Larval stages have received little study to date, but the first instar larvae of P. lucifer are reported to prey voraciously on the subterranean scale insect or ground pearl Eurhizococcus brasiliensis, with possible biocontrol applications for protection of grapevines in Brazil

==Taxonomy==
These 20 species belong to the genus Prolepsis:

- Prolepsis albifasciatus (Back, 1904)
- Prolepsis bicinctus (Loew, 1866)
- Prolepsis caeroniformis (Schiner, 1867)

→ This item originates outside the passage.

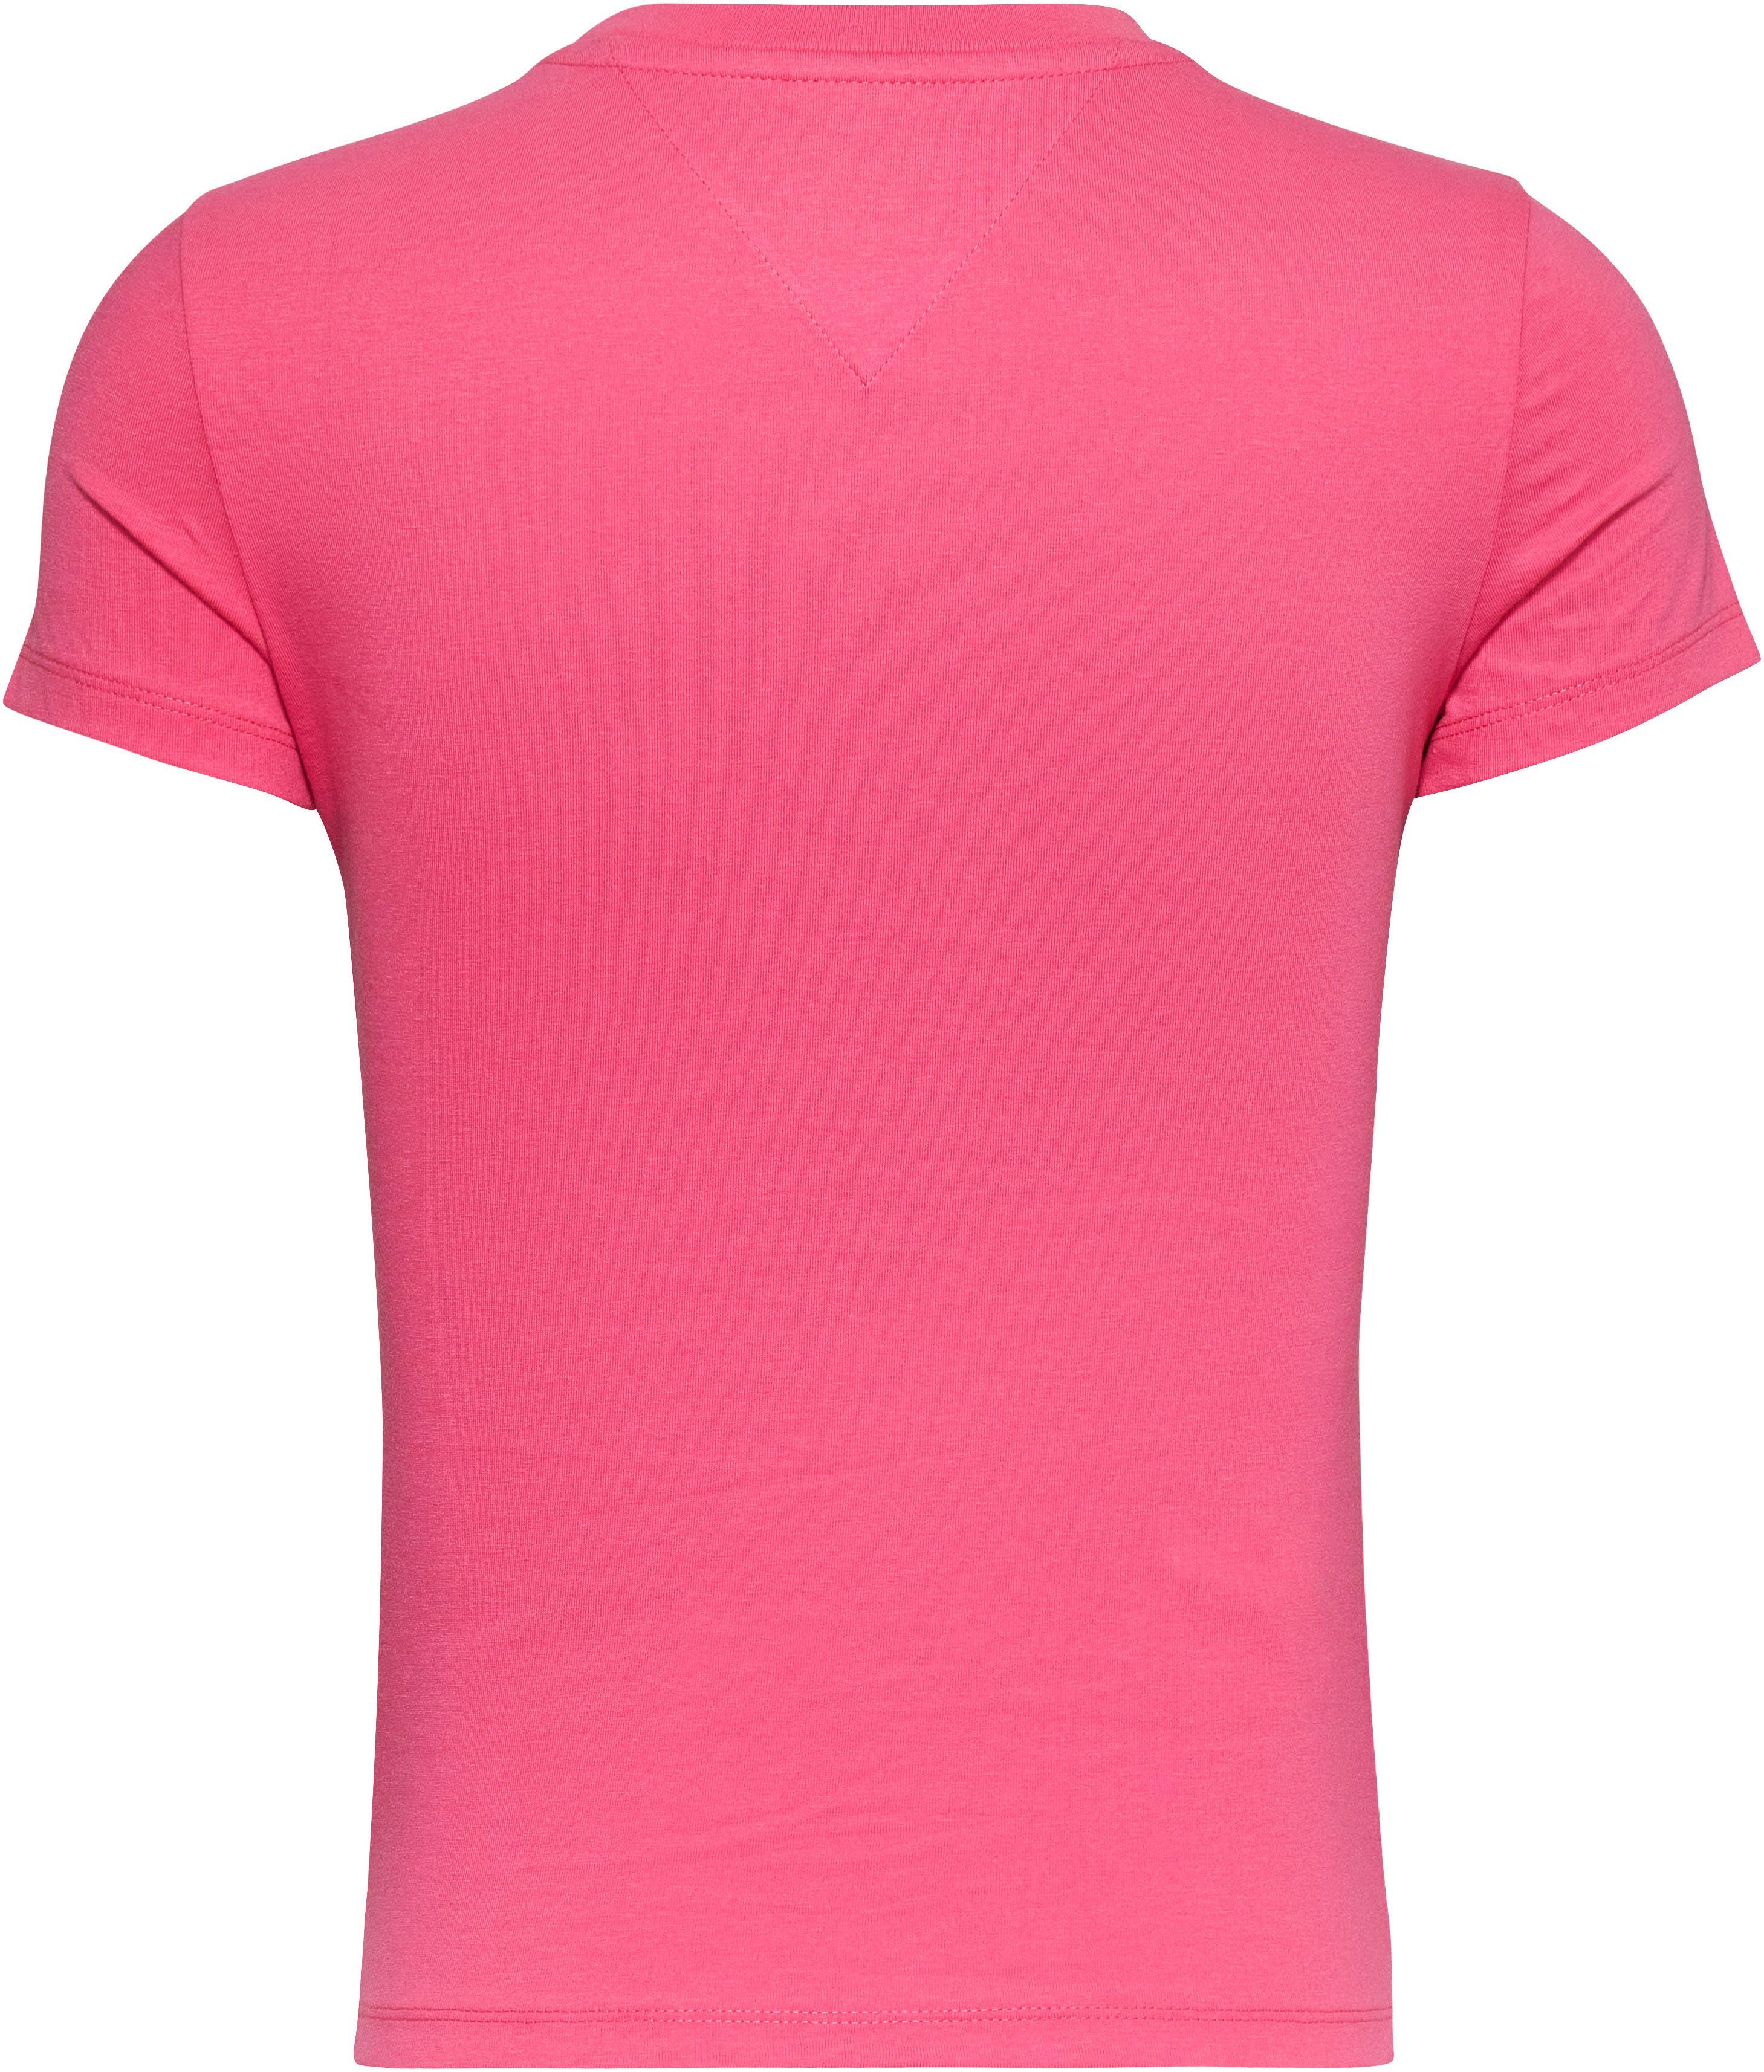 Tommy Logoschriftzug mit Pink_Alert Logo Essential Jeans Slim T-Shirt

- Prolepsis chalcoproctus (Loew, 1866)
- Prolepsis colalao Lamas, 1973
- Prolepsis costaricensis Lamas, 1973
- Prolepsis elotensis (Martin, 1966)
- Prolepsis funebris Lamas, 1973
- Prolepsis huatajata Lamas, 1973
- Prolepsis indecisa Lamas, 1973
- Prolepsis lucasi (Bellardi, 1861)
- Prolepsis lucifer (Wiedemann, 1828)
- Prolepsis martini Lamas, 1973
- Prolepsis phoenicurus (Loew, 1866)
- Prolepsis pilatei (Johnson, 1903)
- Prolepsis pseudopluto Lamas, 1973
- Prolepsis quadrimaculatus (Bellardi, 1861)

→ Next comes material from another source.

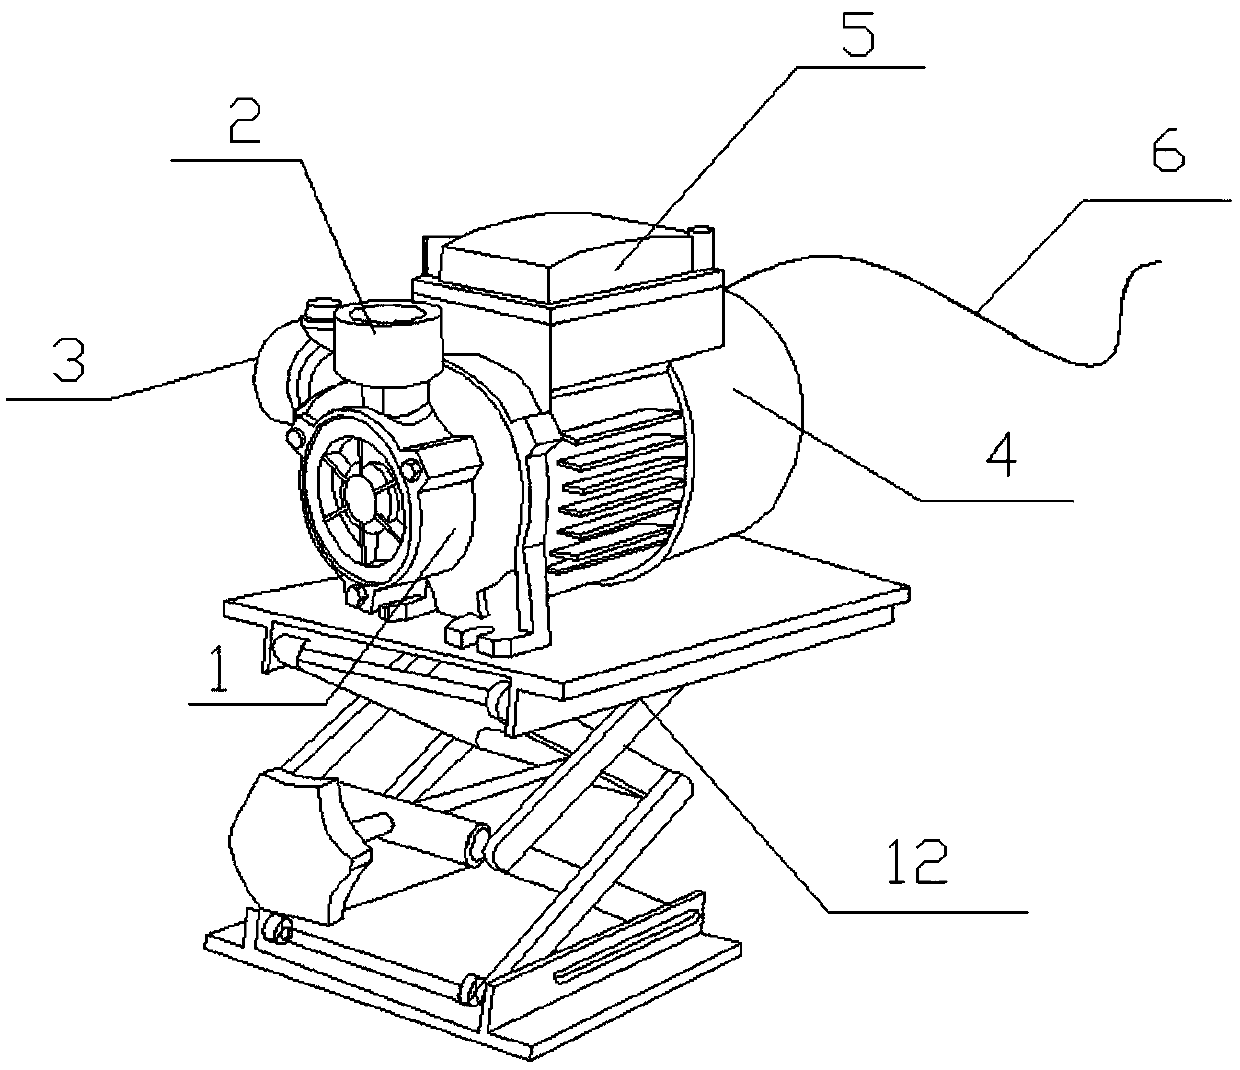 Novel rotatable and liftable water pump

- Prolepsis quadrinotatum (Bigot, 1878)
- Prolepsis sandaracus (Martin, 1966)
- Prolepsis tristis (Walker, 1851)

== Phylogeny ==
Combined analysis of morphological and molecular characters places Prolepsis tristis in a clade corresponding to the subfamily Stenopogoninae, without however providing direct support for monophyly of this subfamily.